* Exercise details:
Beginning with the line that holds "Util fire behind towers" and finishing with the line that holds "pain - Elder Scrolls 5: Skyrim, the", repeat the listing exactly, leaving every picture out.

* Data shown:
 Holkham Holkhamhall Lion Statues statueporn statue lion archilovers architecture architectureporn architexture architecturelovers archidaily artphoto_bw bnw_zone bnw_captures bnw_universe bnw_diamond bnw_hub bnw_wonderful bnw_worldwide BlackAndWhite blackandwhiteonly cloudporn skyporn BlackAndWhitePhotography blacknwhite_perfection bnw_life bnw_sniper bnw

--

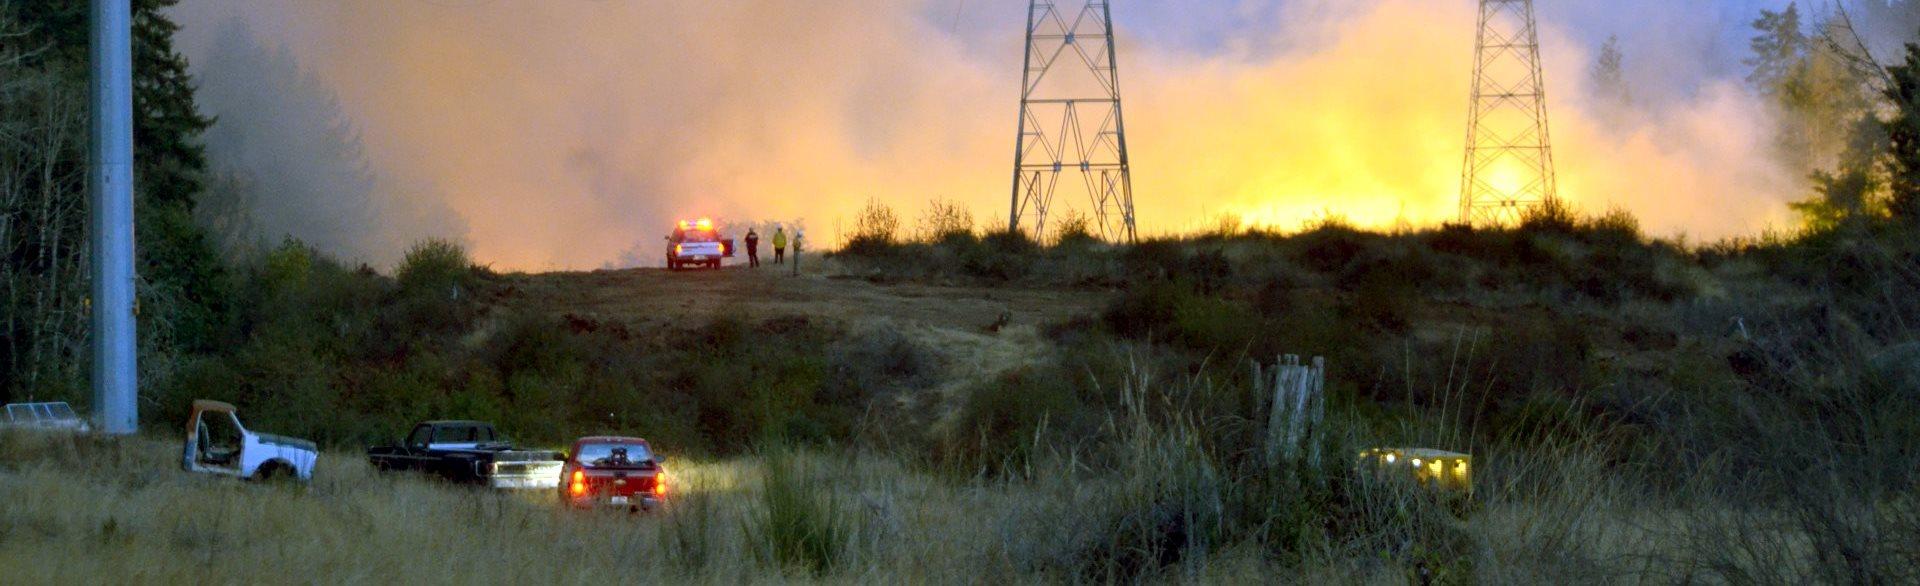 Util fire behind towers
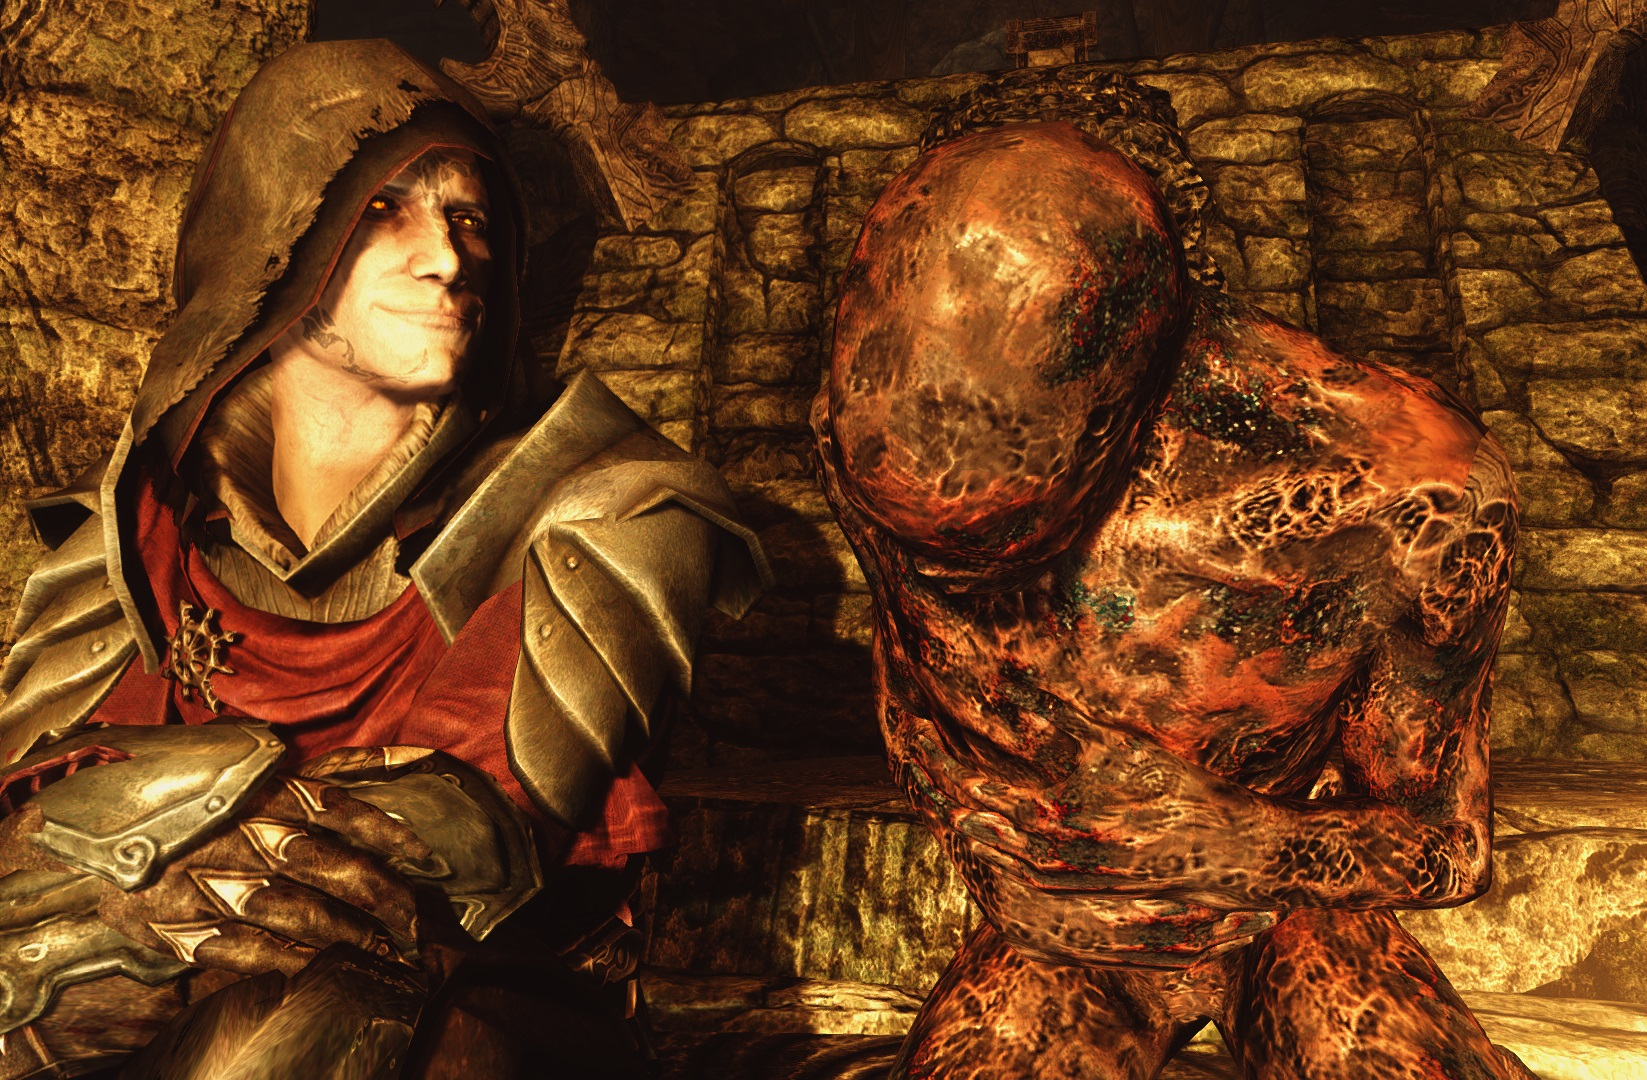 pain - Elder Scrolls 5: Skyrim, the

* Answer for this exercise:
 Util fire behind towers
 pain - Elder Scrolls 5: Skyrim, the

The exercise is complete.